Irritation of a neuron entails the opening of sodium channels at the site of irritation. This can facilitate the entry of positively charged particles into the interior of the cell. Accordingly, the negative charge decreases and an action potential occurs or a nerve impulse occurs. After that, the sodium channels close again.

It is often found that it is the weakening of polarization that contributes to the opening of potassium channels, which provokes the release of positively charged potassium ions. This action reduces the negative charge on the cell surface.

The resting potential or electrochemical state is restored when the potassium-sodium pumps are turned on, with the help of which sodium ions leave the cell, and potassium enters it.

As a result, it can be said that when electrochemical processes are resumed, impulses occur, striving along the fibers.

Conduction of a nerve impulse along the fiber occurs due to the propagation of a depolarization wave along the sheath of the process. Most peripheral nerves, through their motor and sensory fibers, provide impulse conduction at a speed of up to 50-60 m / s. The actual depolarization process is quite passive, while the restoration of the resting membrane potential and the ability to conduct is carried out by the functioning of the NA / K and Ca pumps. Their work requires ATP, a prerequisite for the formation of which is the presence of segmental blood flow. The cessation of the blood supply to the nerve immediately blocks the conduction of the nerve impulse.
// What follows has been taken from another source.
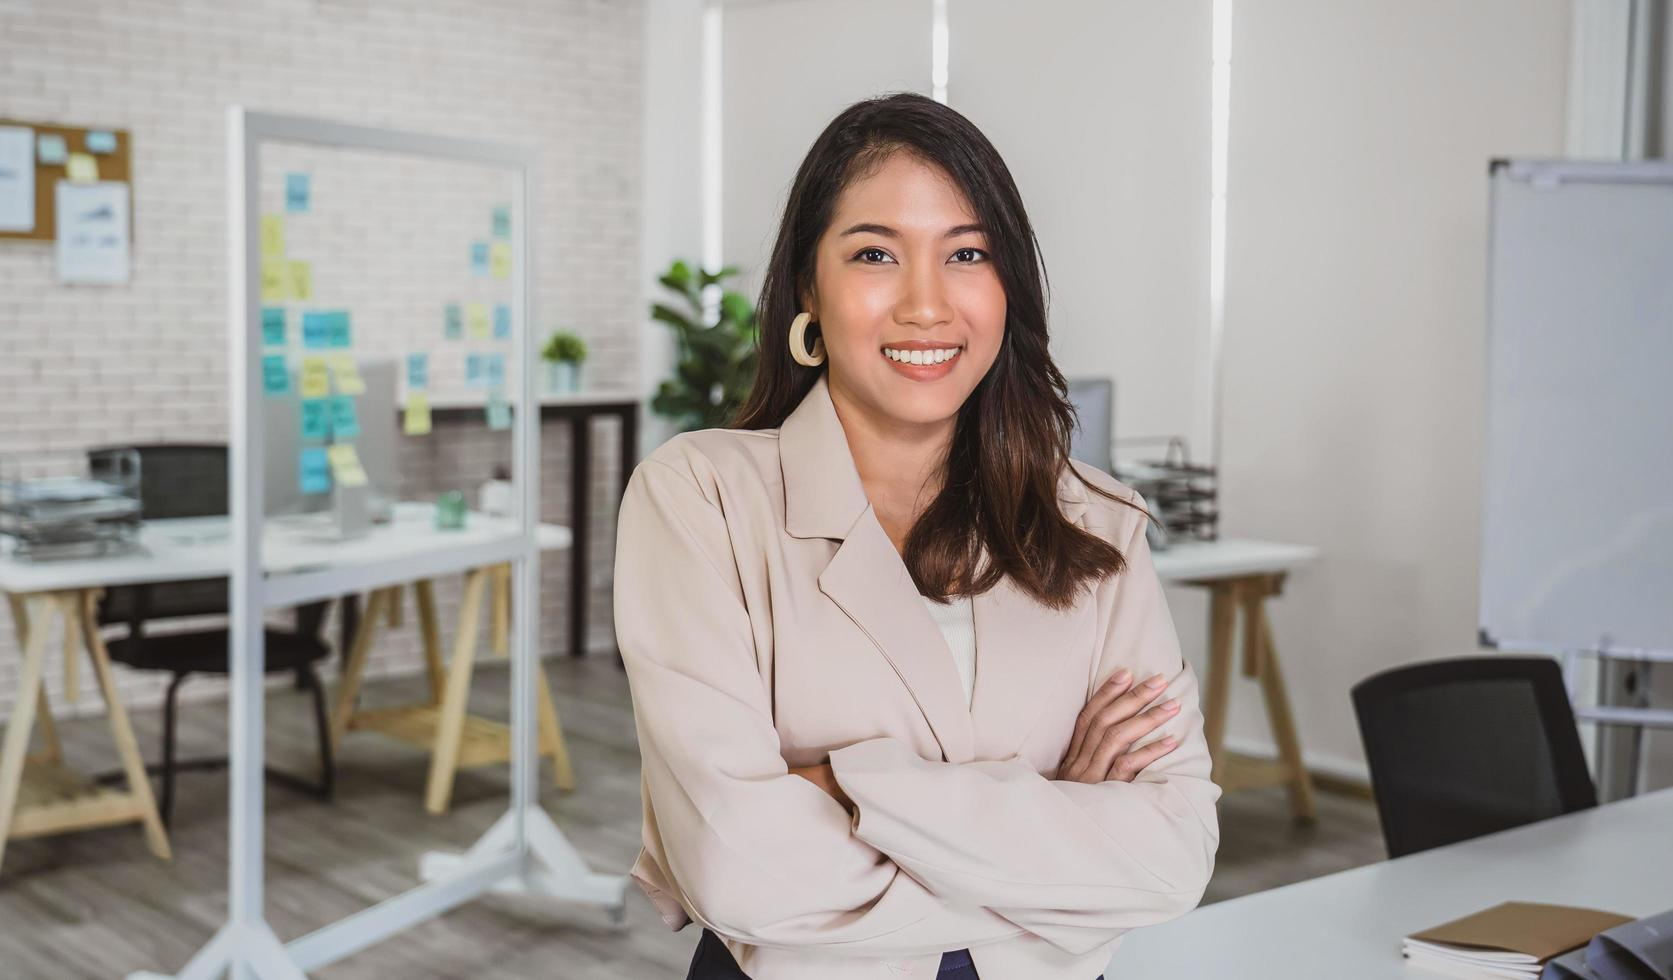 portret van een Aziatische zakenvrouw in een moderne werkplek foto

According to the structural features and functions, nerve fibers are divided into two types: unmyelinated and myelinated. Unmyelinated nerve fibers do not have a myelin sheath. Their diameter is 5-7 microns, the speed of impulse conduction is 1-2 m/s. Myelin fibers consist of an axial cylinder covered by a myelin sheath formed by Schwann cells. The axial cylinder has a membrane and oxoplasm. The myelin sheath consists of 80% lipids and 20% protein. The myelin sheath does not completely cover the axial cylinder, but is interrupted and leaves open areas of the axial cylinder, which are called nodal intercepts (Ranvier intercepts). The length of the sections between the intercepts is different and depends on the thickness of the nerve fiber: the thicker it is, the longer the distance between the intercepts.

Depending on the speed of excitation conduction, nerve fibers are divided into three types: A, B, C. Type A fibers have the highest excitation conduction speed, the excitation conduction speed of which reaches 120 m/s, B has a speed of 3 to 14 m/s, C - from 0.5 to 2 m/s.

There are 5 laws of excitation:

• 1. The nerve must maintain physiological and functional continuity.
• 2. Under natural conditions, the propagation of an impulse from the cell to the periphery. There is a 2-sided impulse conduction.
• 3. Conducting an impulse in isolation, i.e. myelinated fibers do not transmit impulses to neighboring nerve fibers, but only along the nerve.
• 4. The relative indefatigability of the nerve, in contrast to the muscles.
• 5. The rate of excitation depends on the presence or absence of myelin and the length of the fiber.
• 3. Classification of peripheral nerve injuries

Damage is:

• A) firearms: -direct (bullet, fragmentation)
• -mediated
• - pneumatic damage
• B) non-firearms: cut, stab, bitten, compression, compression-ischemic

Also in the literature there is a division of injuries into open (cut, stab, torn, chopped, bruised, crushed wounds) and closed (concussion, bruise, squeezing, stretching, rupture and dislocation) injuries of the peripheral nervous system.